Nothing has or could ever dampen the glistening, scorching sunlight on my skin, or change the way I have viewed the clouds that bring delicious monsoon rain into Lahore. The charisma of Pakistan is ingrained in me and at times is my only oxygen. I learned soon after it was time to find a solution, to form a bridge over troubled waters and adopt a dynamic that gave me the best of my Eastern identity, but did not step on my wings when I wanted to fly.

Gradually I became happily distant from reacting to such an enclosed society, whose vision certainly differed from mine. Although now I am far away, I realize I will never be fully isolated from the eastern dilemma’s of existence and identity and in fact, I have come to share a healthy relationship what with I have left behind. I suppose in my heart of hearts, I know I did not abandon what was but I realized how monumental it was to take my heritage with me, upon my shoulders and follow along the patterns of life devised by my decisions and actions.

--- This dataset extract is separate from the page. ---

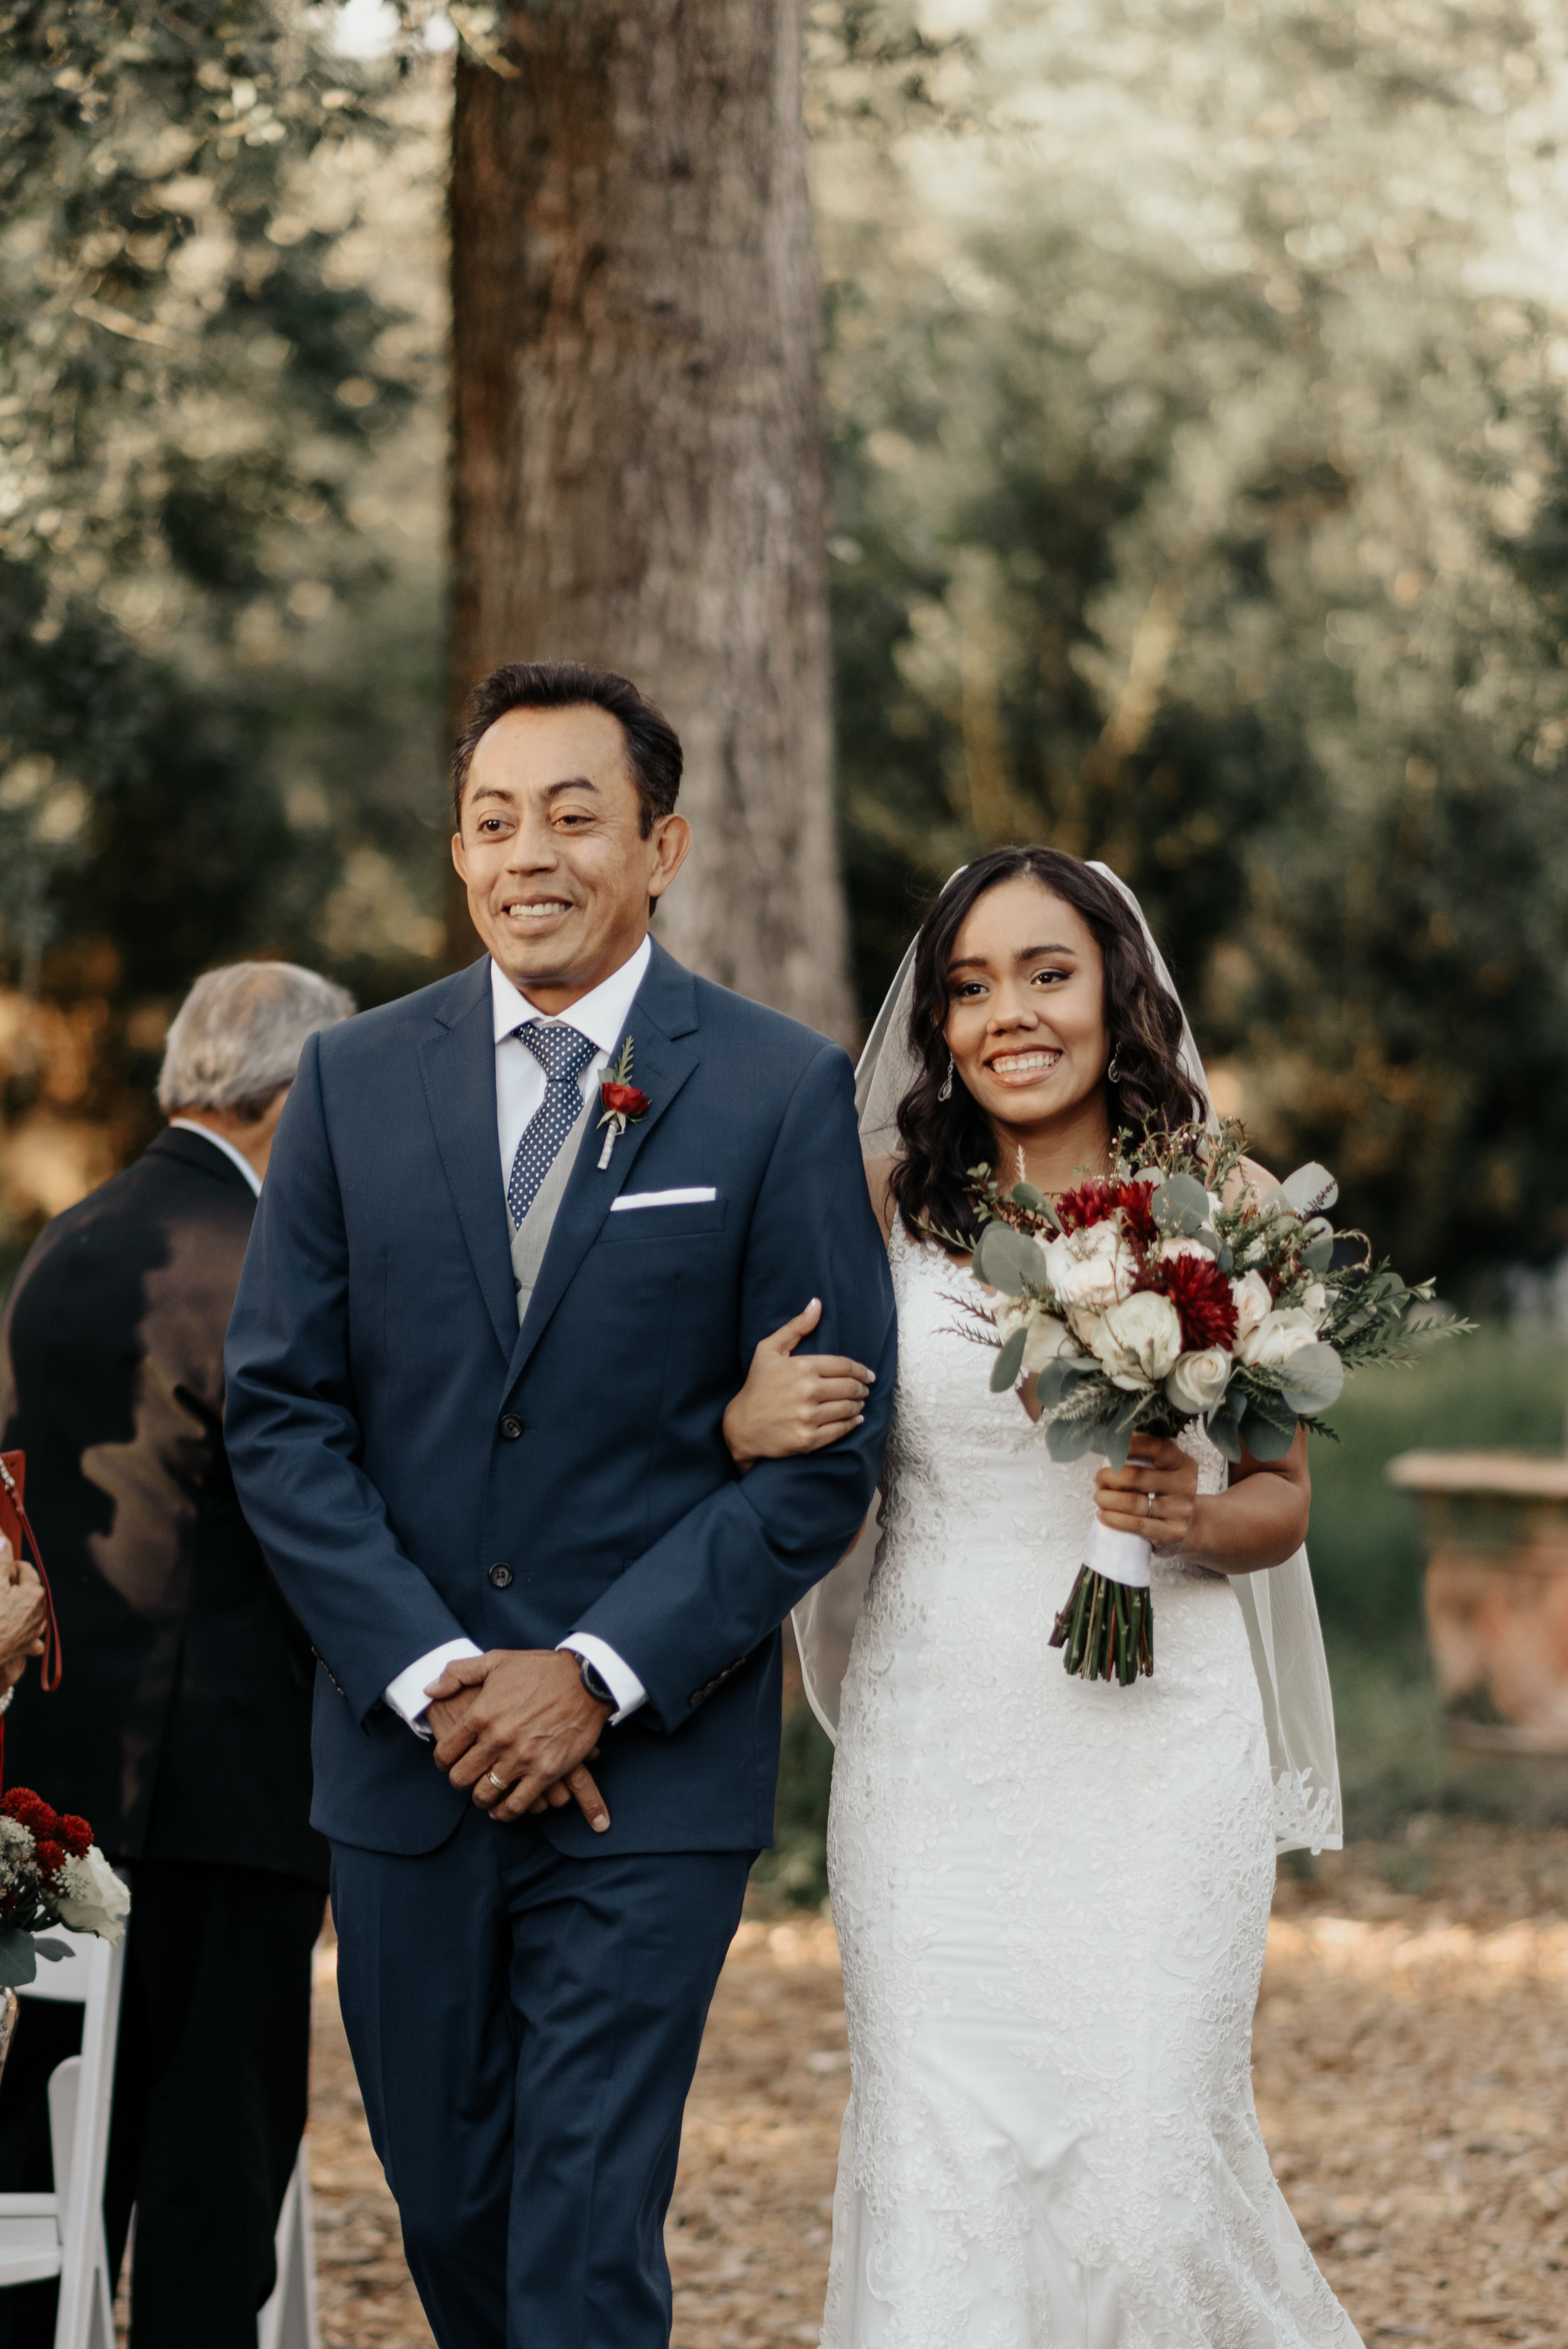 Kirstie-AJ-Wedding-9911.jpg

It is easier to see the middle-ground from here. How ironic and unsettling, though, that the comfort one seeks doesn’t always come from where they belong. I suppose distance does make the heart grow fonder. I did not choose this distance to be how I would find solace in the dynamics between the east and the west. I gradually found that away from societal implications, I could breathe better and hence carry out informed thinking. It’s almost as if your best friend and you spend too much time together and familiarity does not want to breed contempt, but begins to irrationally and rationally create boundaries. If you do not take a step back and let the air in, the fragrance of contempt will take over the blossoming flower of a friendship. I suppose this analogy is apt when it comes to me separating myself from Pakistani society in order to find myself again, and then to return, with clarity and a vision of hopeful admiration. The same way you can never forget your friend and never watch your friend bleed, every single day, Pakistan breathes in me.

(Life has continued to evolve, and mindsets have been shaped by differentiated thought and experiences since this was written.)